What is expected
Only the lines running from the line with "滞仏日記「フランスのお父さんの本音、聞きたくないですか?」" to the end of the listing below should be copied, exactly, without pictures.

Dataset content
━━━

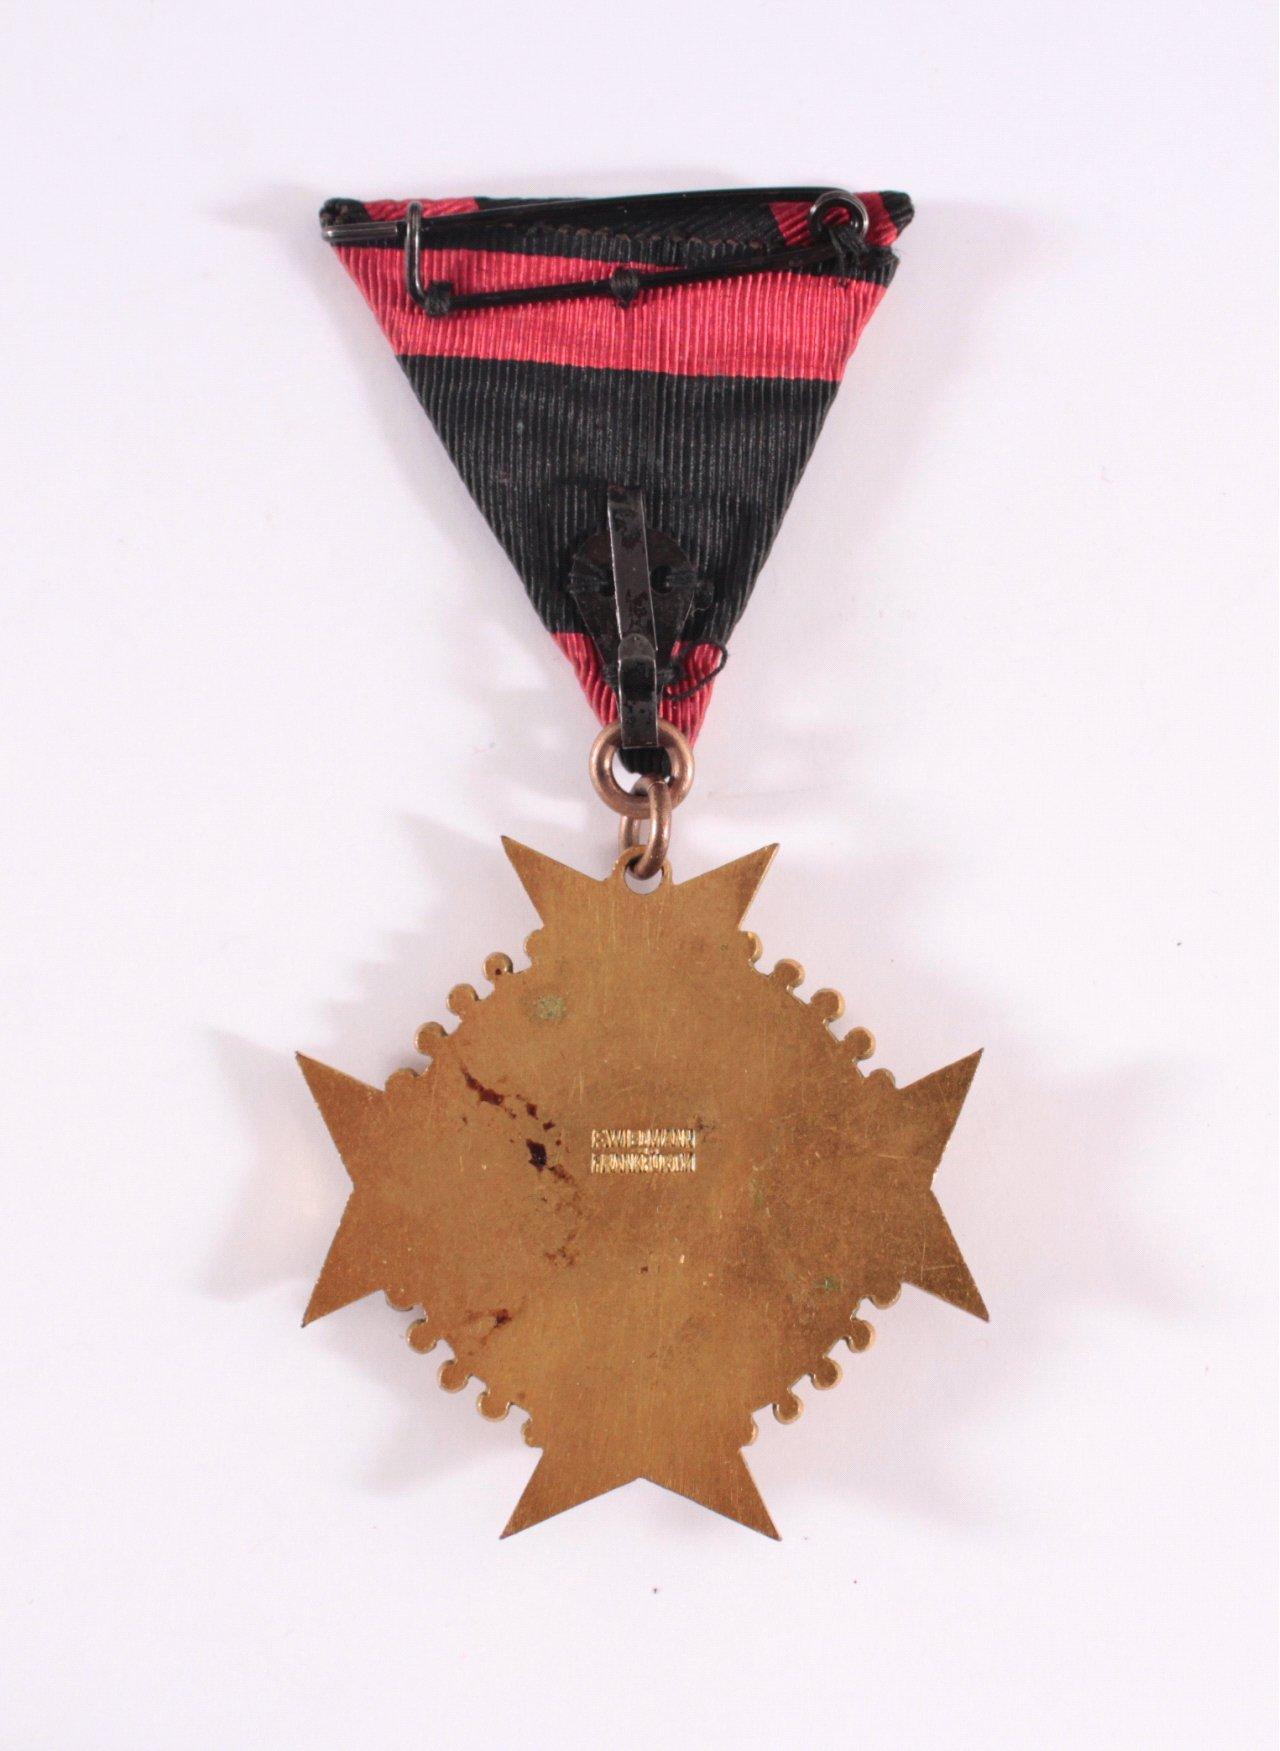 Weitpreis 17. Kongress der ARU in Düsseldorf 1902
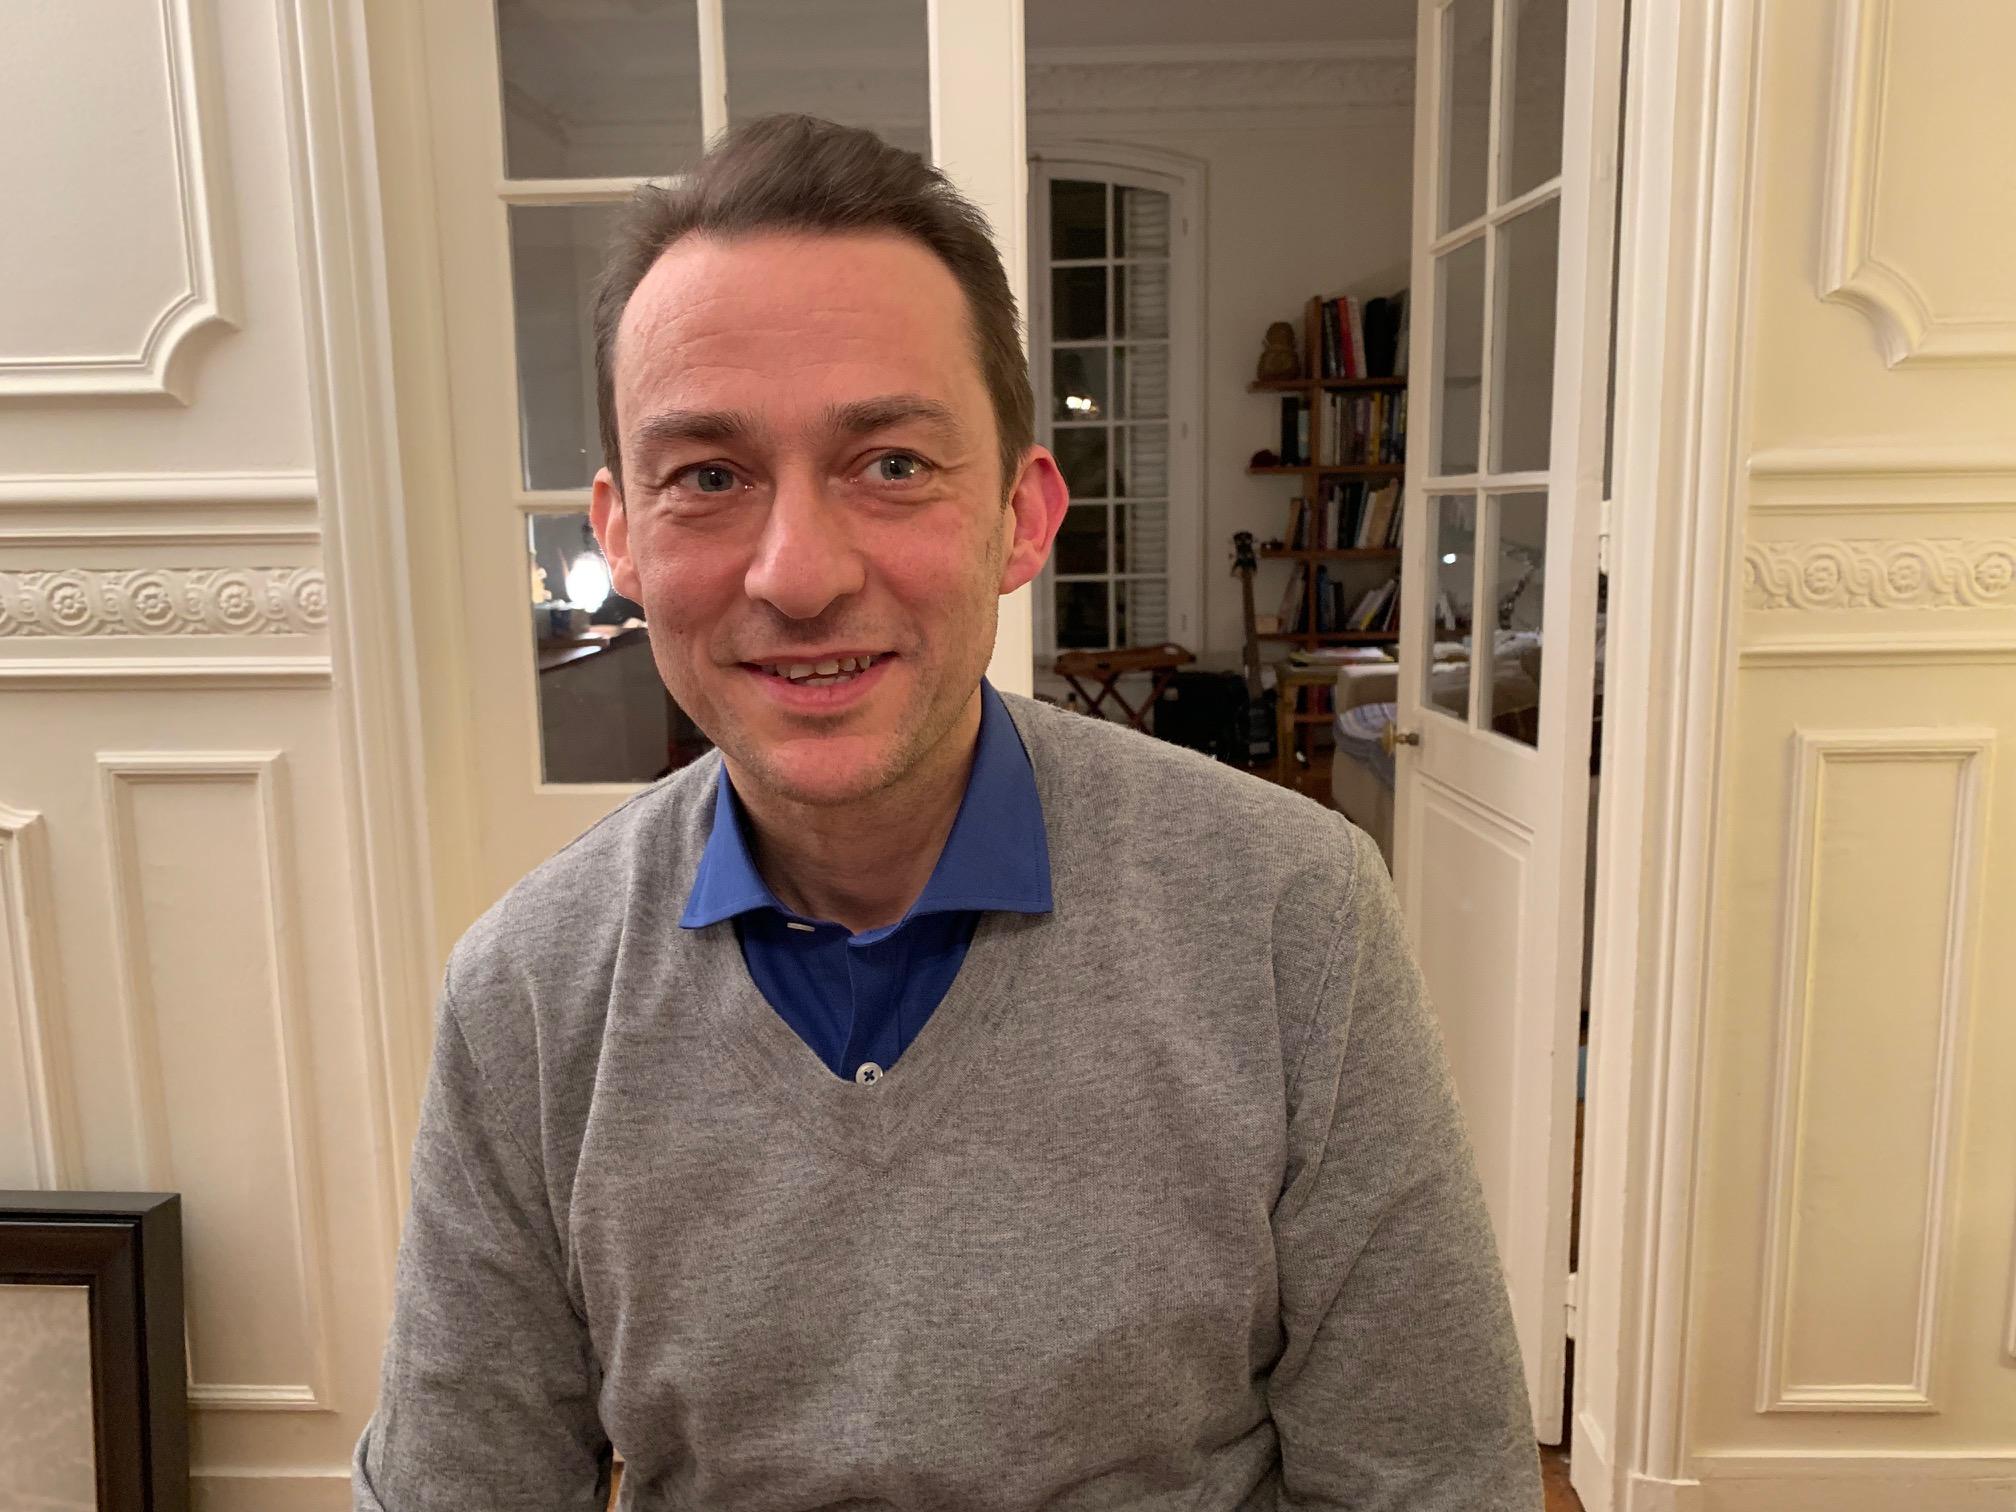 滞仏日記「フランスのお父さんの本音、聞きたくないですか?」
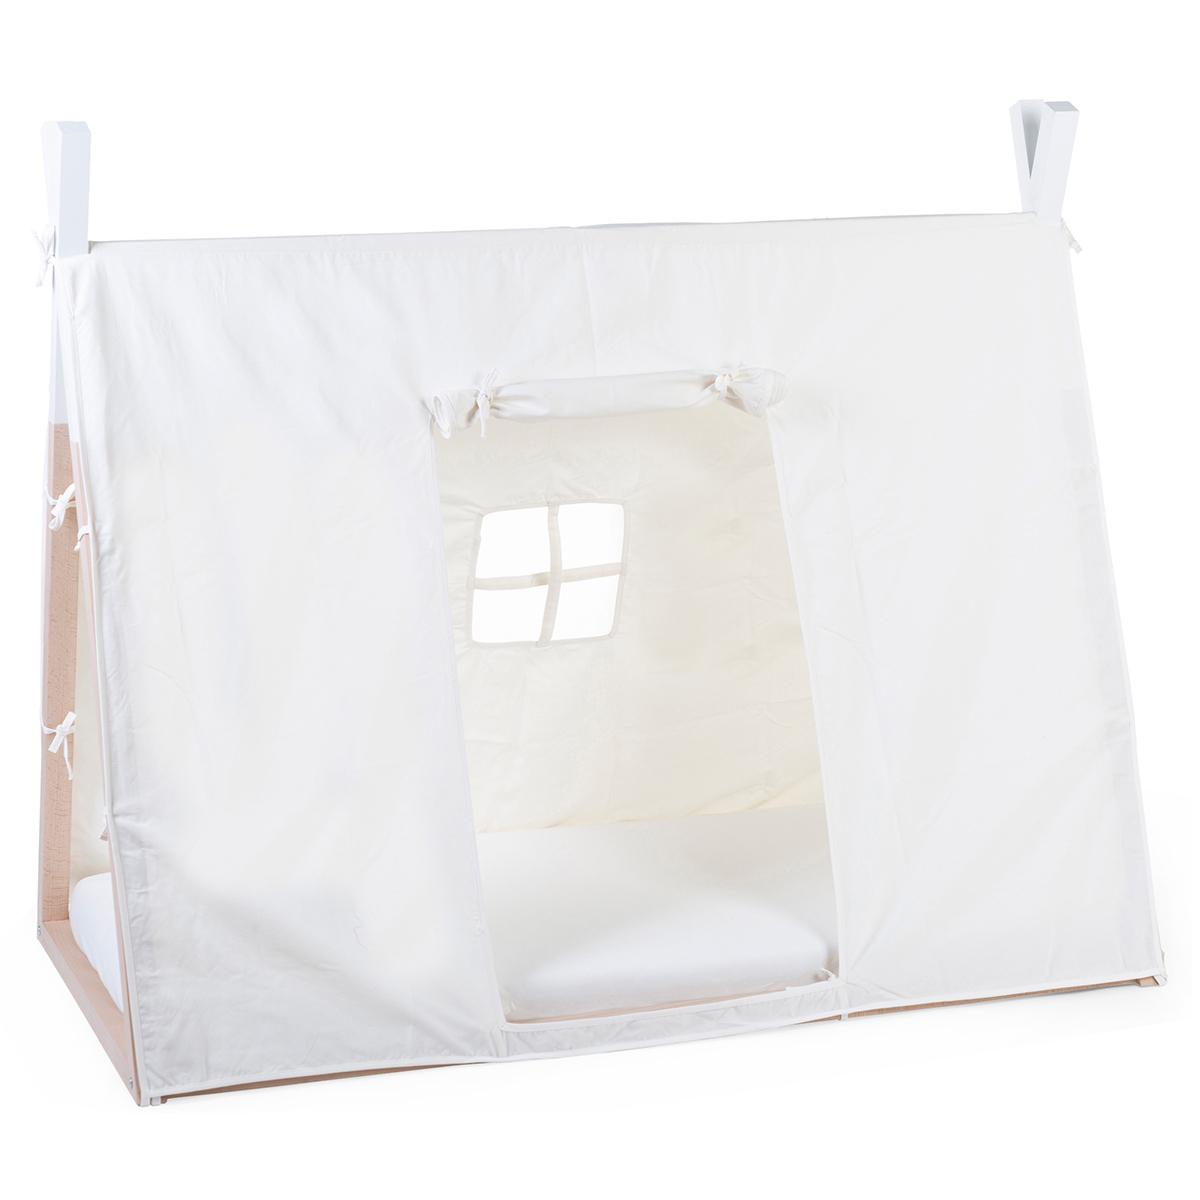 Lit bébé Toile Lit Bébé Tipi Blanc - 70 x 140 cm

━━━

Task answer
 滞仏日記「フランスのお父さんの本音、聞きたくないですか?」
 Lit bébé Toile Lit Bébé Tipi Blanc - 70 x 140 cm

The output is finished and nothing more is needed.